Write out the material below again, line for line, without any images.

MATERIAL PROVIDED:
——
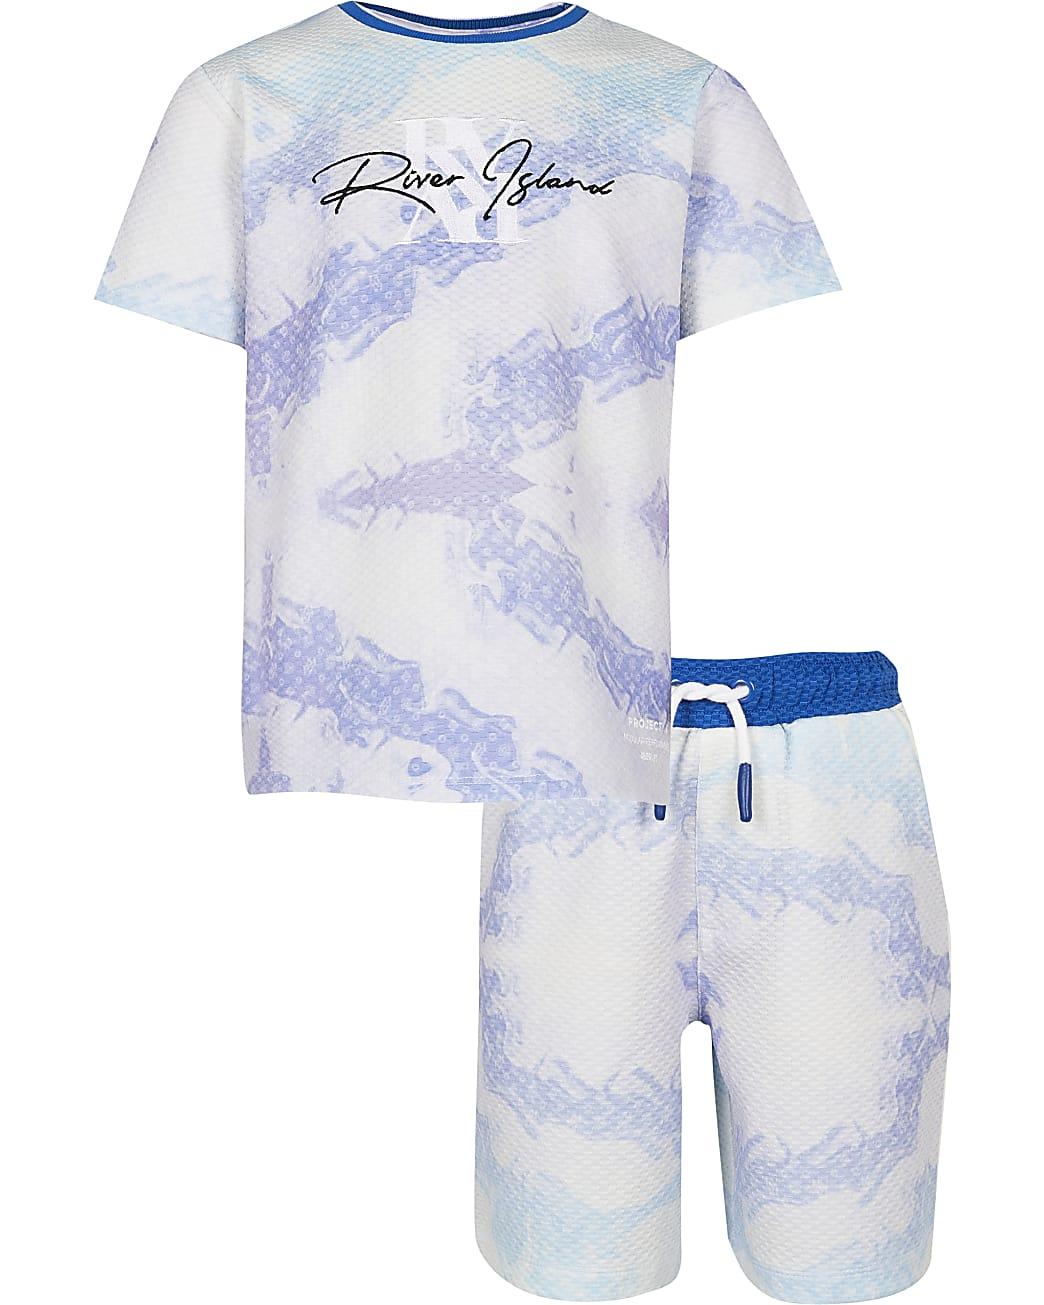 Age 13+ boys blue RI t-shirt and shorts set
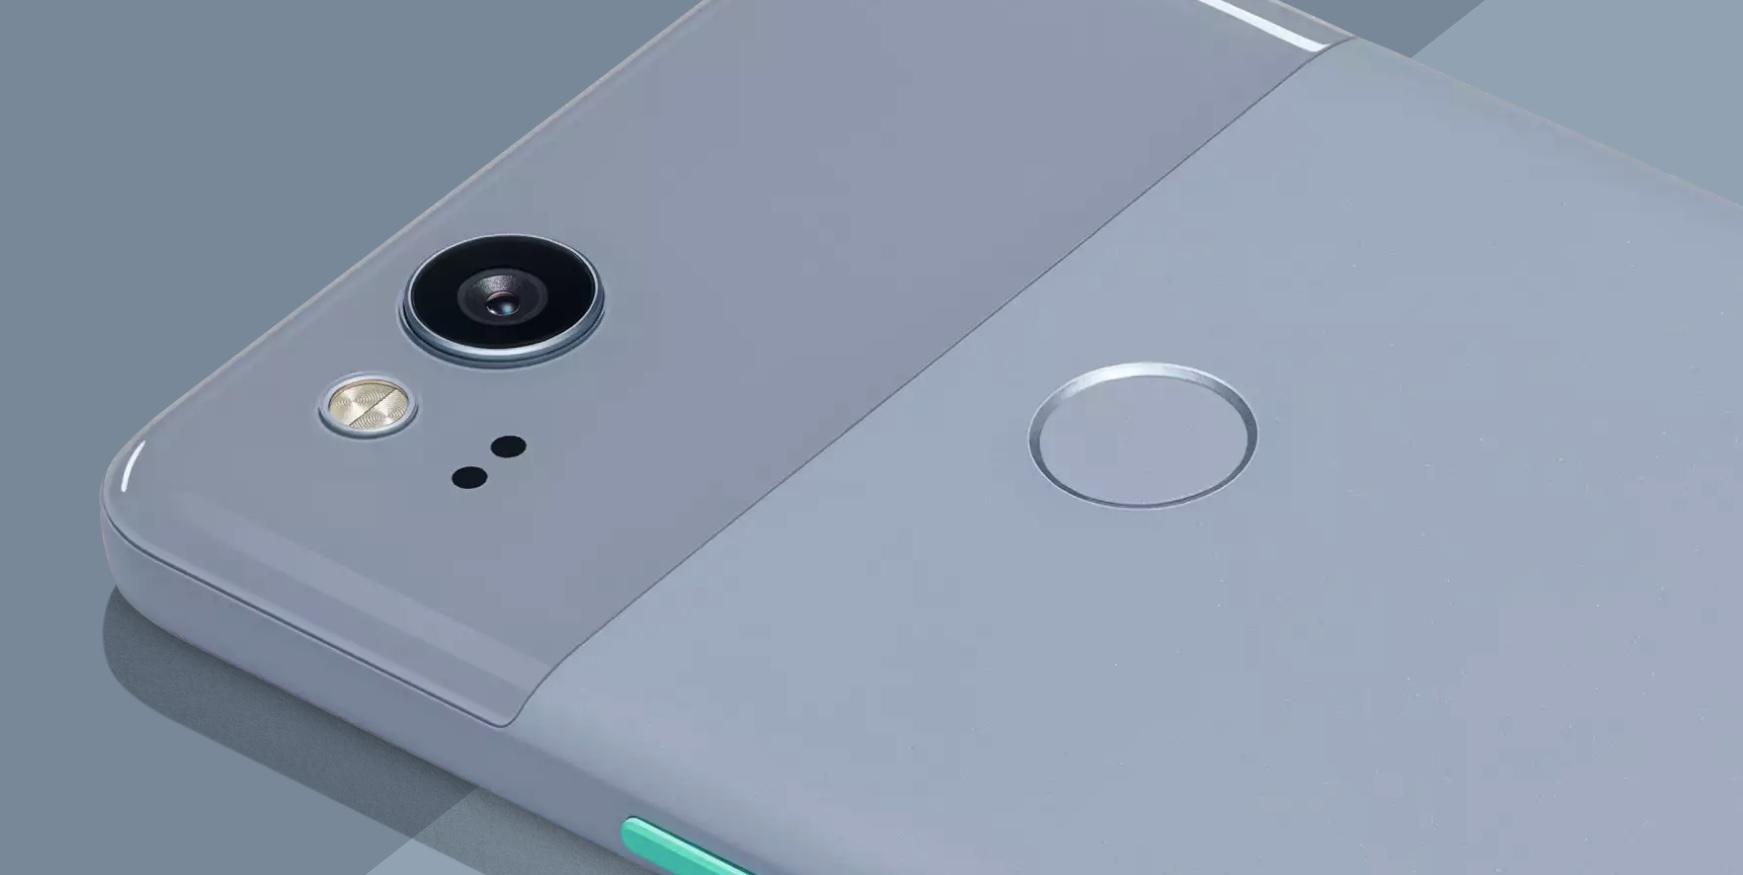 Vi får Google Pixel XL 2 inn til test 18. oktober.
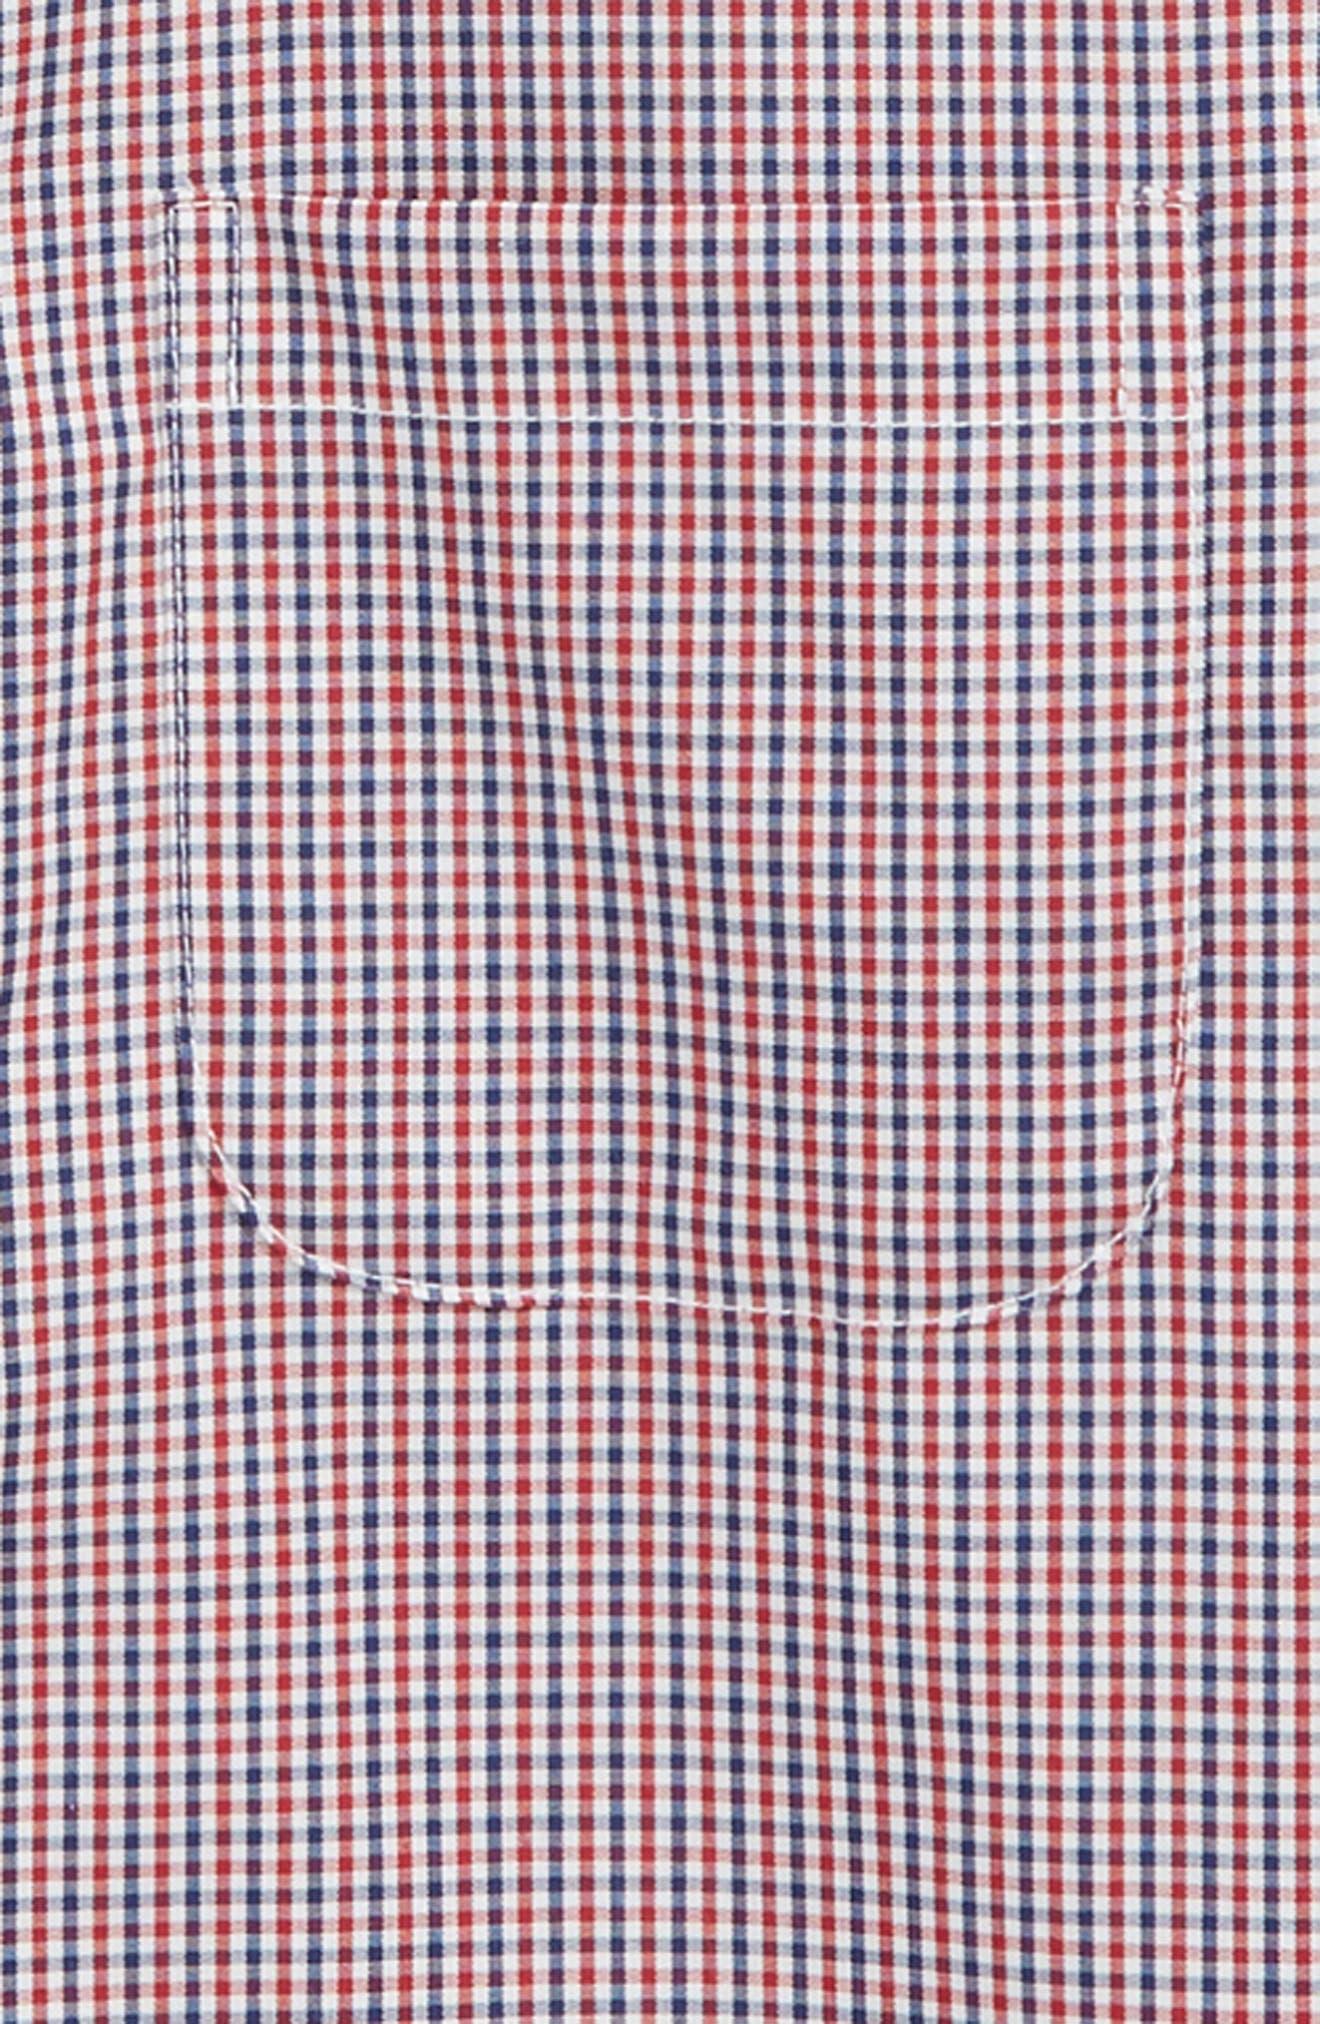 Non-Iron Check Dress Shirt,                             Alternate thumbnail 2, color,                             RED SAGE- NAVY PLAID
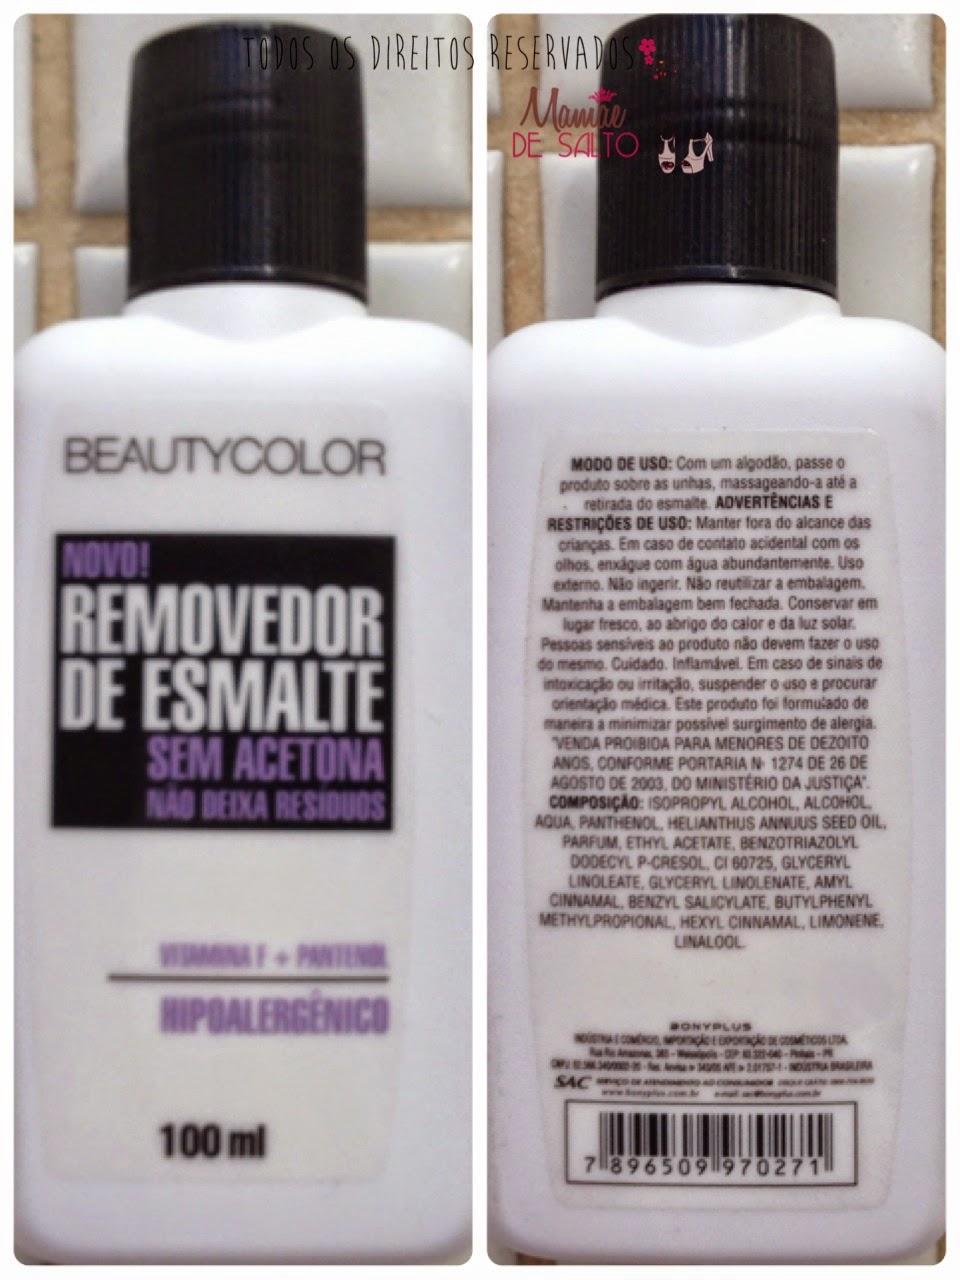 removedor de esmalte sem acetona Beauty Color - blog Mamãe de Salto
——
ANSWER TO THE EXERCISE:
 Age 13+ boys blue RI t-shirt and shorts set
 Vi får Google Pixel XL 2 inn til test 18. oktober.
 Non-Iron Check Dress Shirt,                             Alternate thumbnail 2, color,                             RED SAGE- NAVY PLAID
 removedor de esmalte sem acetona Beauty Color - blog Mamãe de Salto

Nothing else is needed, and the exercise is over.